Published On: May 14 2013 10:49:52 AM EDT   Updated On: May 15 2013 08:06:17 AM EDT

A dependency court judge rules a 12-year-old boy can stay with his older sister after their father was charged with tying the boy to a pole with a bicycle cable wire.


A dependency court judge ruled a 12-year-old boy can stay with his older sister after their father was charged with tying the boy to a pole with a bicycle cable wire.

Miami-Dade Circuit Court Judge Mari Sampedro-Iglesia ruled that Adolfo Guzman's 21-year-old daughter would have temporary custody of her two siblings.

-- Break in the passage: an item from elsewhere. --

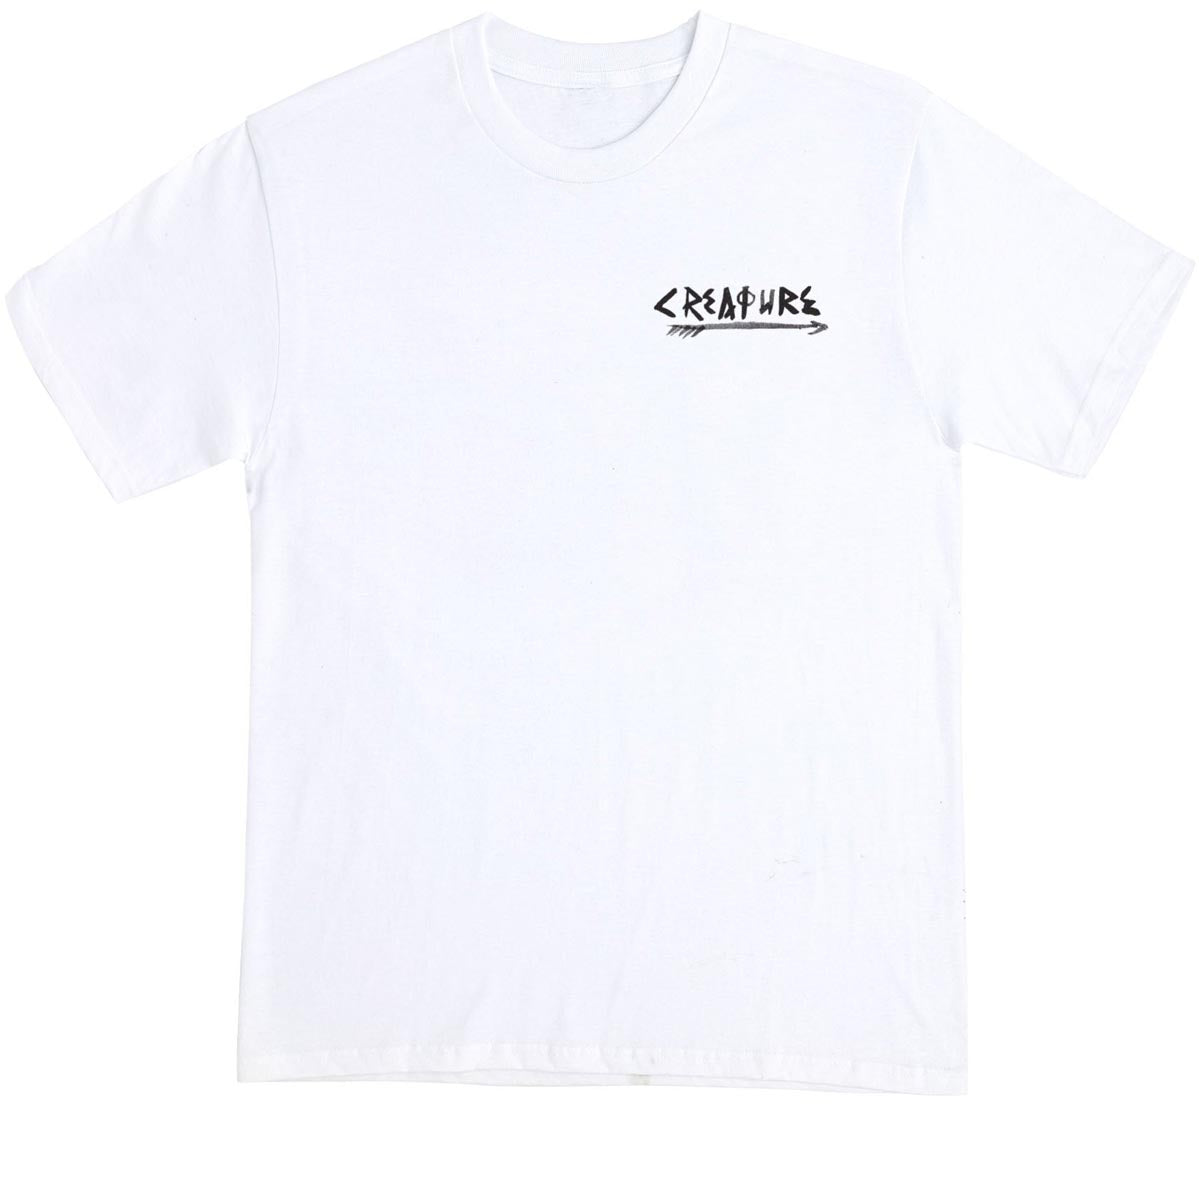 Creature Visualz T-Shirt - White image 2

Guzman can have no contact with his son until his criminal case is resolved. He can see his 15-year-old daughter.

"Even a minute would not have been appropriate," Sampedro-Iglesia told Guzman. "I mean, children shouldn't be treated as -- I don't even know. I was going to say animals but it's not even animals."

Police arrested Guzman on Sunday and charged him with aggravated child abuse. Guzman's 12-year-old son left their apartment without permission two days in a row, according to an arrest report. When he returned the second time, Guzman used the cable wire to tie him to the pole outside their apartment.

Passer-bys flagged police officers down, who had the Miami Beach Fire Department cut the boy loose.

"It's all my fault. It's not his fault," the 12-year-old boy told Local 10's Glenna Milberg. "It's all my fault because I'm the one who got out of the house without permission. I came late."

The boy is the youngest of Guzman's children. A single father, Guzman raises his three children on a $1,000-a-month disability check.

"He never hit me in my life. Not even my sisters," said the boy.

His 15-year-old daughter said she was supposed to unlock her brother after 10 minutes but forgot.

"I don't say nothing because he deserved that because he make my dad do that," said the boy's sister.

The Department of Children and Families recommended Guzman not be able to stay in the same home as his son and 15-year-old daughter.

"The father, based on the allegations, we feel that the children are at prospective risk of further abuse and neglect," said Barbara Galvez with DCF.

But Guzman found an ally in Franklin Gomez, the child protective investigator.

"Despite these allegations, they (the children) feel that they are not afraid of the father. They're not concerned. They feel this was a one-time thing to them," said Gomez.

Guzman is scheduled to return to court in June.